Pictures in the entries below are excluded; copy only the lines from the one containing "Kalashnikov AK-74 |" to the one containing "第9张 【蒙古人】画家——格日乐图 蒙古画廊", both included.

- [Data records]:
+ + + + +
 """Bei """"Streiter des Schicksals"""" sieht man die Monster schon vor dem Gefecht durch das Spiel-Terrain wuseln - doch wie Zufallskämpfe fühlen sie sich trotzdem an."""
+ + + + +
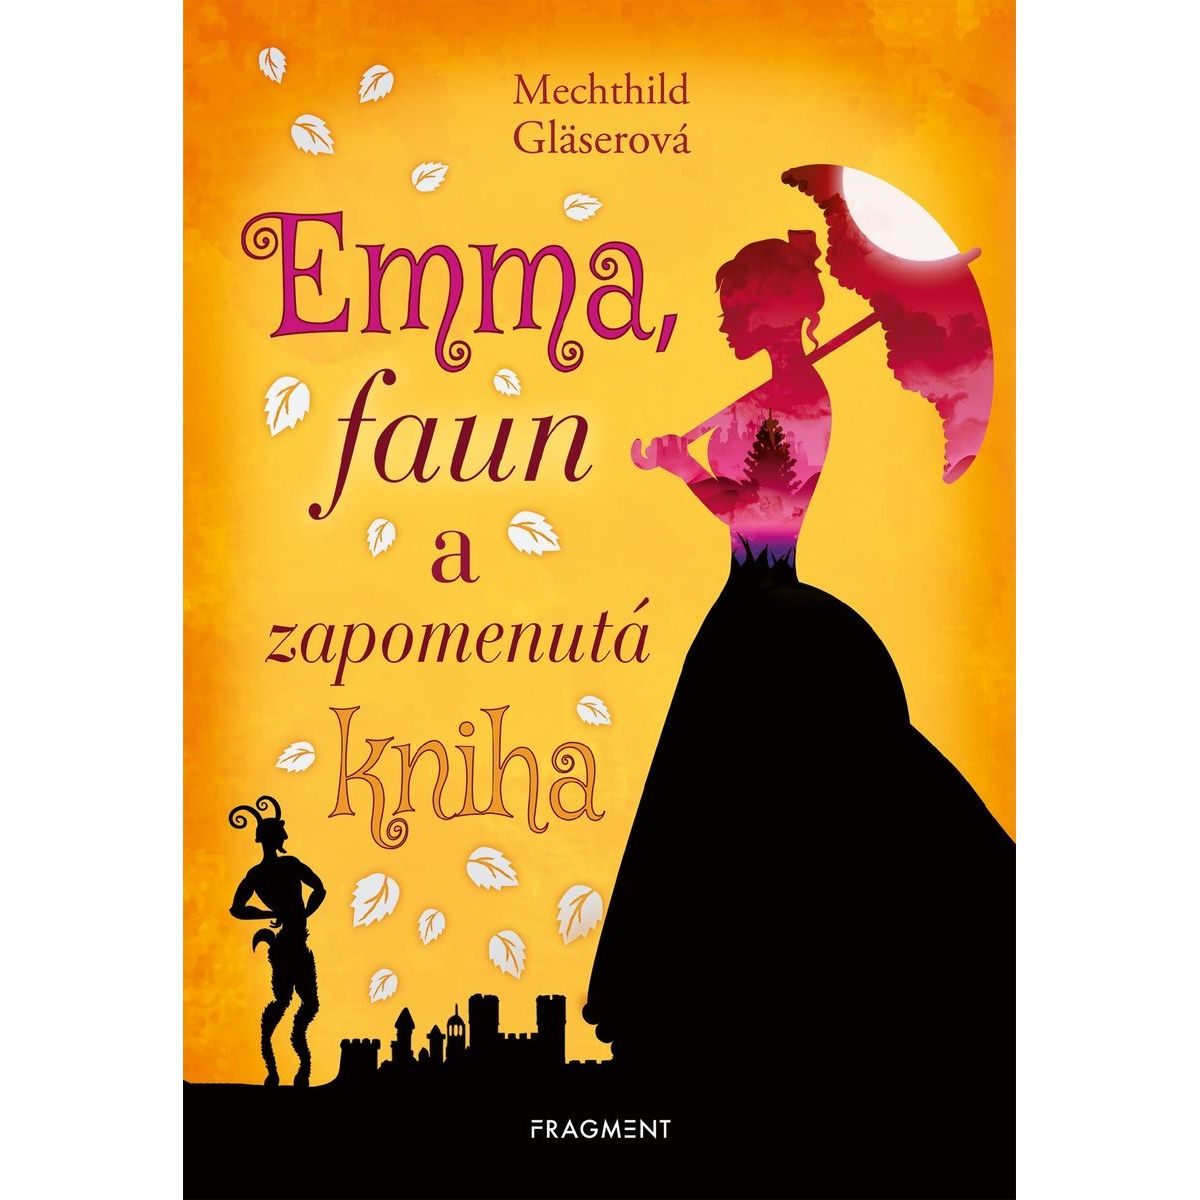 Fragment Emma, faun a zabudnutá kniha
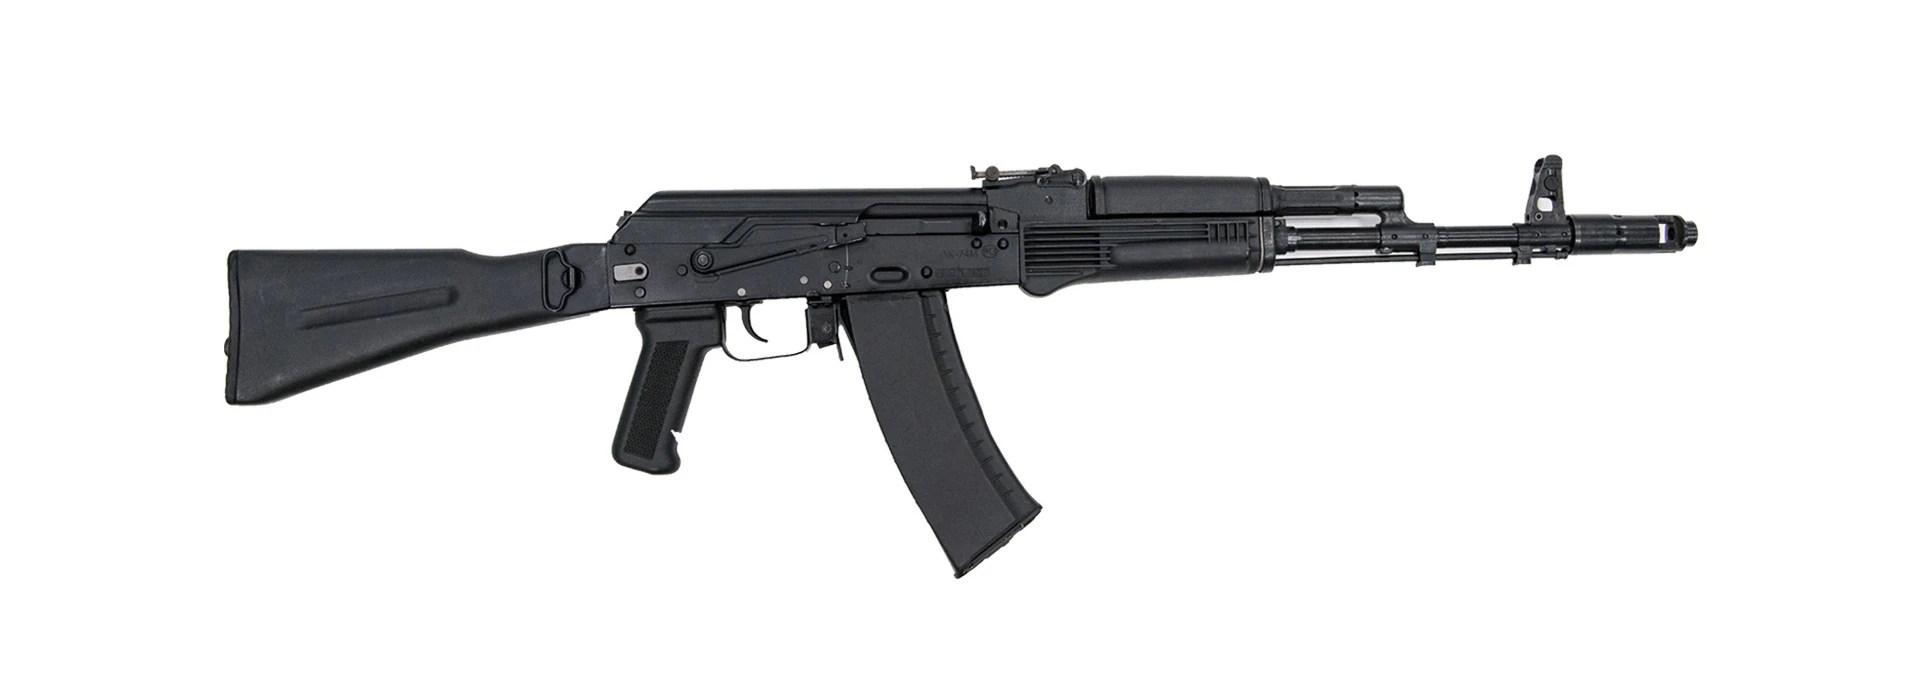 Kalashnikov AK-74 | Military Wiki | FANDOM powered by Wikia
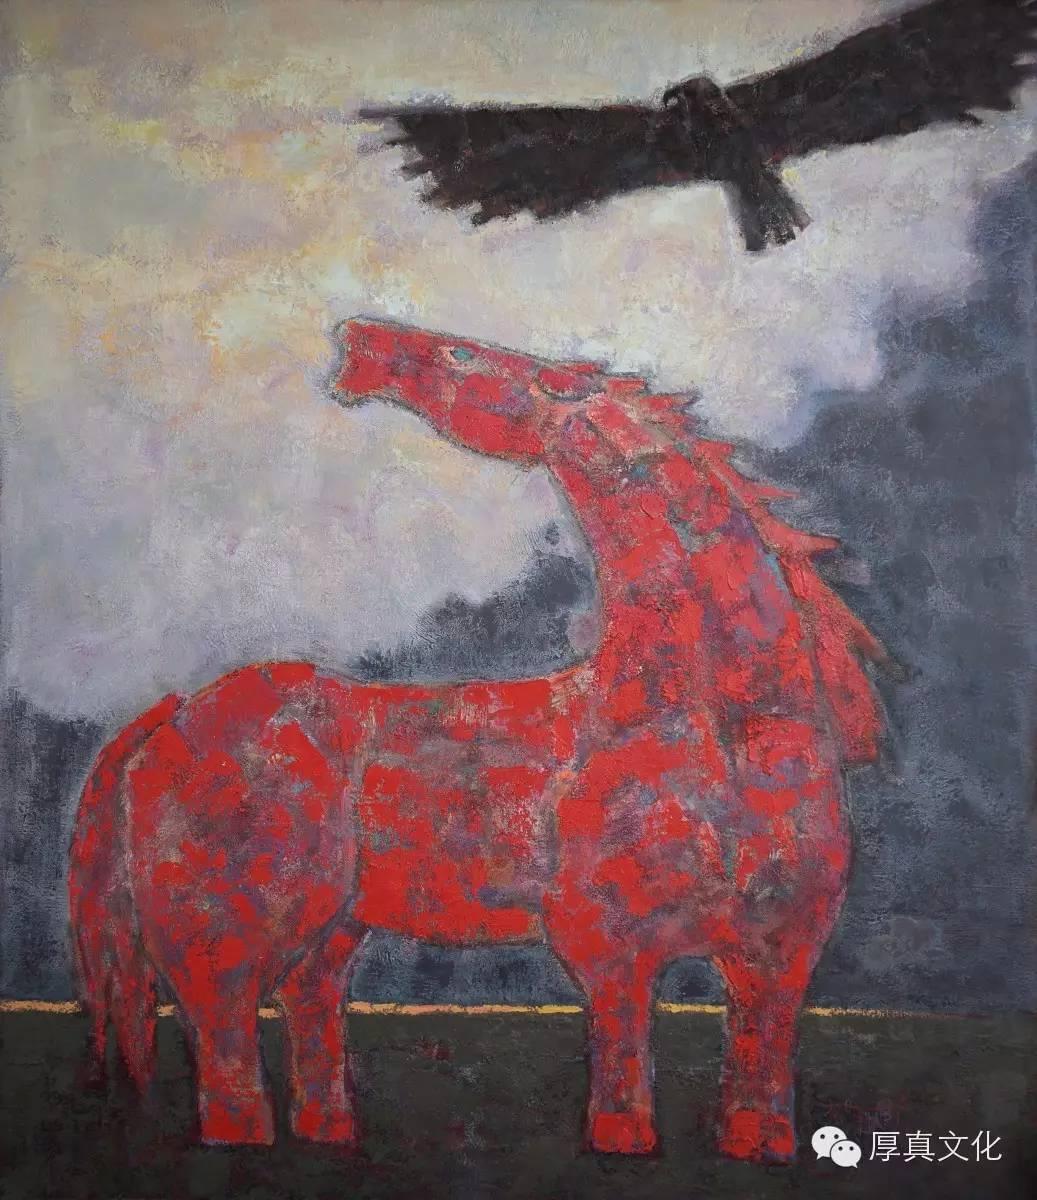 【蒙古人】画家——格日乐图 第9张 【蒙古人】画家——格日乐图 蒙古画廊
+ + + + +
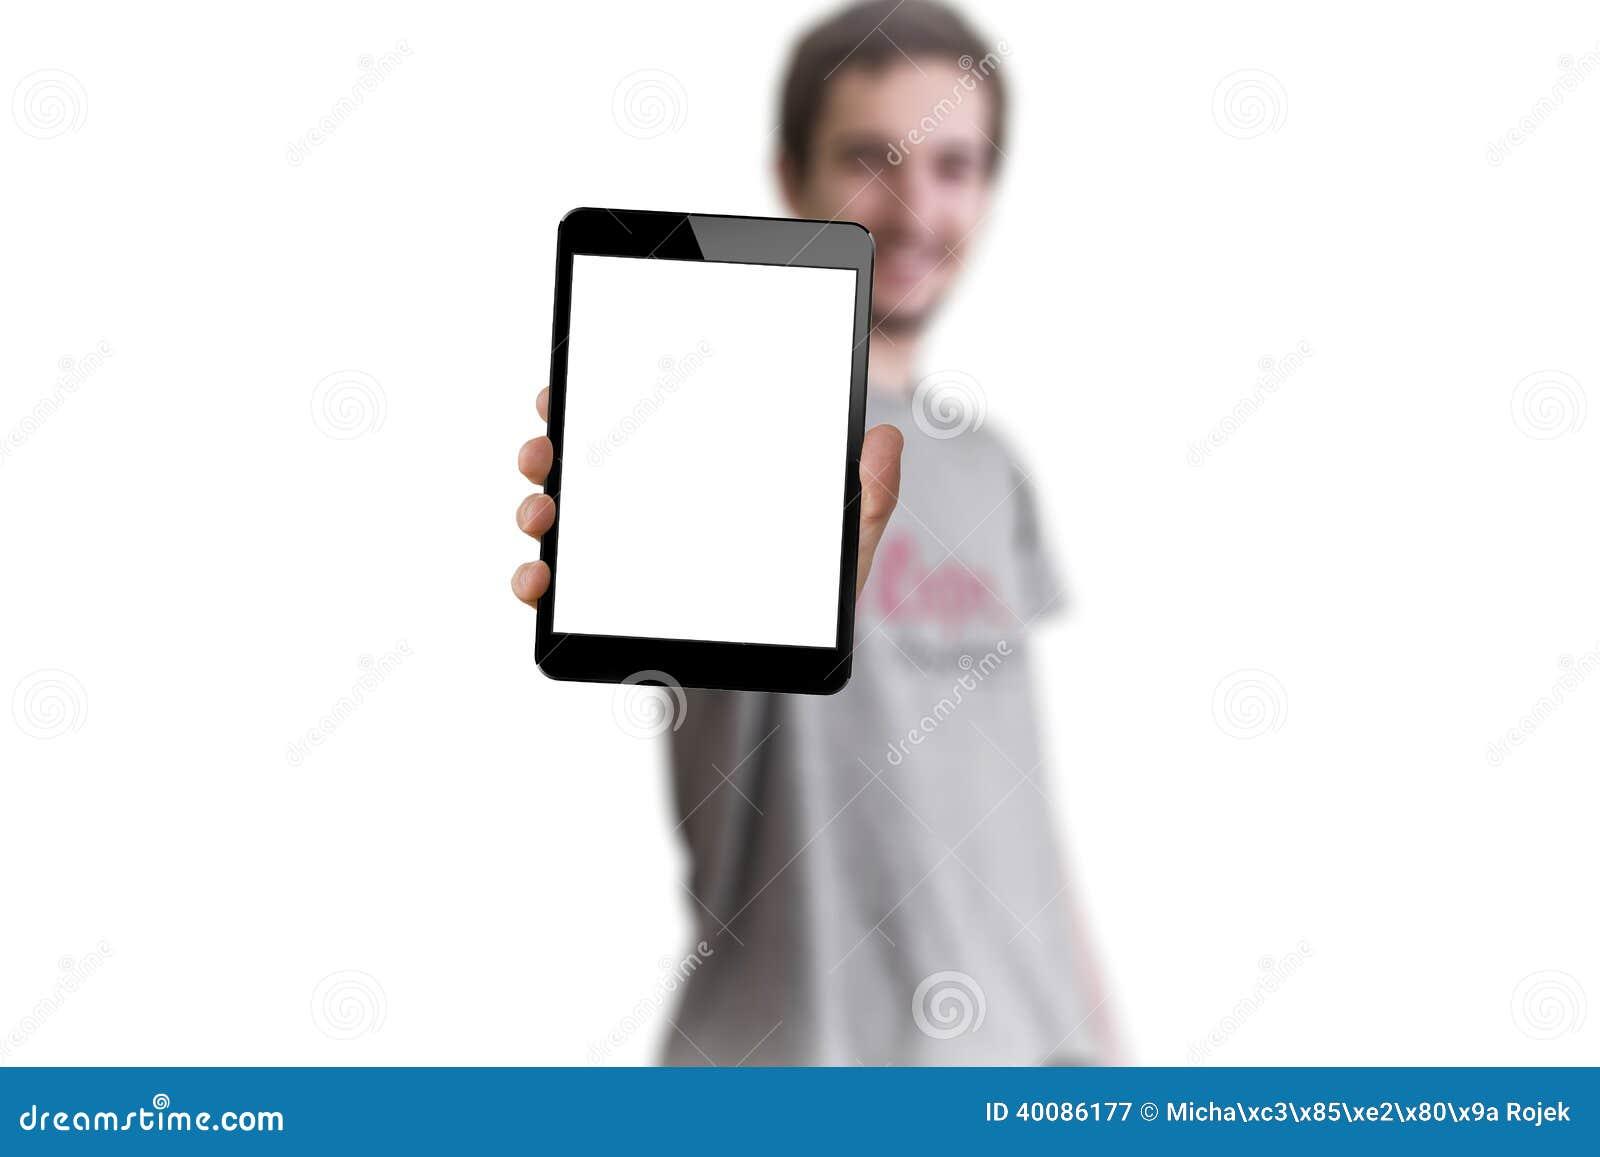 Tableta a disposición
+ + + + +
- [Answer space]:
 Kalashnikov AK-74 | Military Wiki | FANDOM powered by Wikia
 【蒙古人】画家——格日乐图 第9张 【蒙古人】画家——格日乐图 蒙古画廊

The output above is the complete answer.